# Allergies



## chewice (Jan 1, 2012)

Hello!

I am having issues with my jack x and his allergies! At first I thought it was a grass allergy... but since it has snowed it ruled that out.

I cannot figure out for the life of me what food allergy he has. Ive gone through all the ingredients...highlighting... ugh Let me know what you think.

1. Acana Ranchlands was his first - HORRIBLE - pulled out his fur by his paws, constant licking... so I ruled out beef
2. Evo 6 Fish - good for allergies, but I believe it was too much for protein... constant HUGE solid poop... just too much.
3. Science Diet d/d - dont judge... used it to flush his system - was awesome on it, but i hate the food... but now know its not potato or venison.
4 Currently on Go! Now Duck and Potato - some licking... had the first bum rub on carpet hwell:, face rubbing on carpet... so what is doing it!!!!
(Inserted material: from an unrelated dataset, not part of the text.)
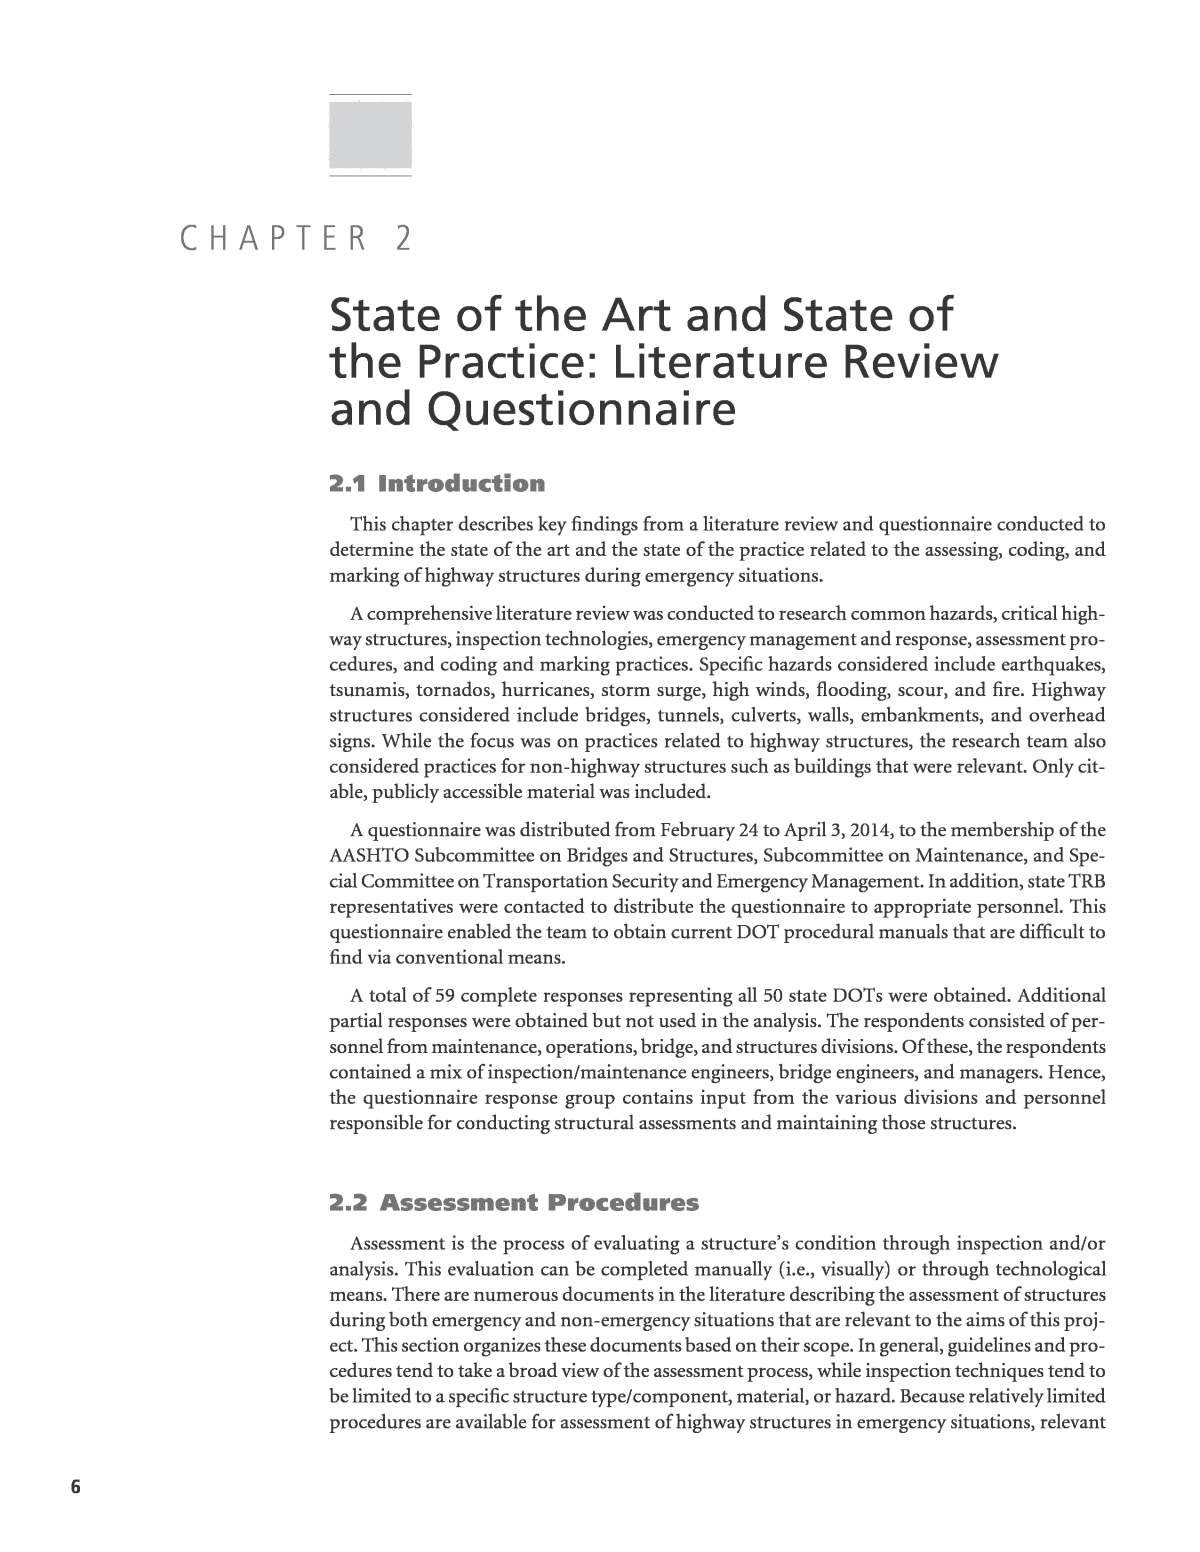 Chapter 2 - State of the Art and State of the Practice: Literature

Thinking the next bag is going to go to a fish or kangaroo. This is so frustrating!!

<3


----------



## xellil (Apr 4, 2011)

Have you considered raw feeding? It is an odd fact but apparently true and proven out in my own dog that allergies to food that is cooked and put into dry ingredients doesn't translate over to the same protein fed raw.


----------



## chewice (Jan 1, 2012)

I have considered it... frankly... Im a little scared of it. Im researching it and finding out my options with local stores. I can't seem to find a site that just gives me the basics about it (why im on this site). Until I discuss it with my better half I want to find a dry that is nice to him


----------



## xellil (Apr 4, 2011)

Here is a site that is done by folks here and will explain everything in a way that's very easy to understand and follow. I think it's always kind of scary to make a switch like that, but most people who take that step never look back.

How to Get Started | Prey Model Raw


----------



## xellil (Apr 4, 2011)

one of my dogs had allergies that came out in constant ear infections - my vet said she had never seen worse. And it just wouldn't go away. It turns out the food I was giving him had chicken in it and I didn't read down the label far enough - I knew he was allergic to chicken. So that was my fault for sure.

He hasn't had any ear problems since we switched and i feed him raw chicken all the time.

It's amazing to me how often it seems that food is the culprit for these chronic allergies that so many dogs have.


----------



## lily (May 16, 2011)

my dog has been itching for the last 9 months ,i too thought it was grass then wool,but as her itching has gone down by 90% im thinking its something else,now she has had another ear infection and smells sweaty and at times like cheese,and another ear infection,and a strange yellow patch on her head!!,so after properly researching yeast overgrowth im now thinking this may be her problem,i did not know that yeast can mimic allergy symptoms,runny nose,runny eyes,itchy body the list is endless,she has been raw fed 9 months so i know its not her diet,ive ordered some bovine colostrum to give to her for 14 days as this is whats best to strengthen the imune system well thats what ive read on many sites,even the vet said its possible but to be honest i think hes clueless on this subject,also she has to have weekly baths in malaseb which im not comfortable with but given that her coat is very greasy now, this is also a sign of yeast even though her skin is also flaky at the same time !!,so it may be worth you reading up on yeast overgrowth and also def switch to raw ,even though i still have problems with annie i still agree that raw is best,karen


----------



## Chocx2 (Nov 16, 2009)

I did enzymes for three months for yeast overgrowth and changed to raw. My dog was allergic to mites.....6 different kinds...found everywhere. All the potato, sweet potato, pea, and other stuff used in kibble seems to feed yeast. My vet didn't have any idea either. She suggested a test for yeast overgrowth? Never did it. She is good now.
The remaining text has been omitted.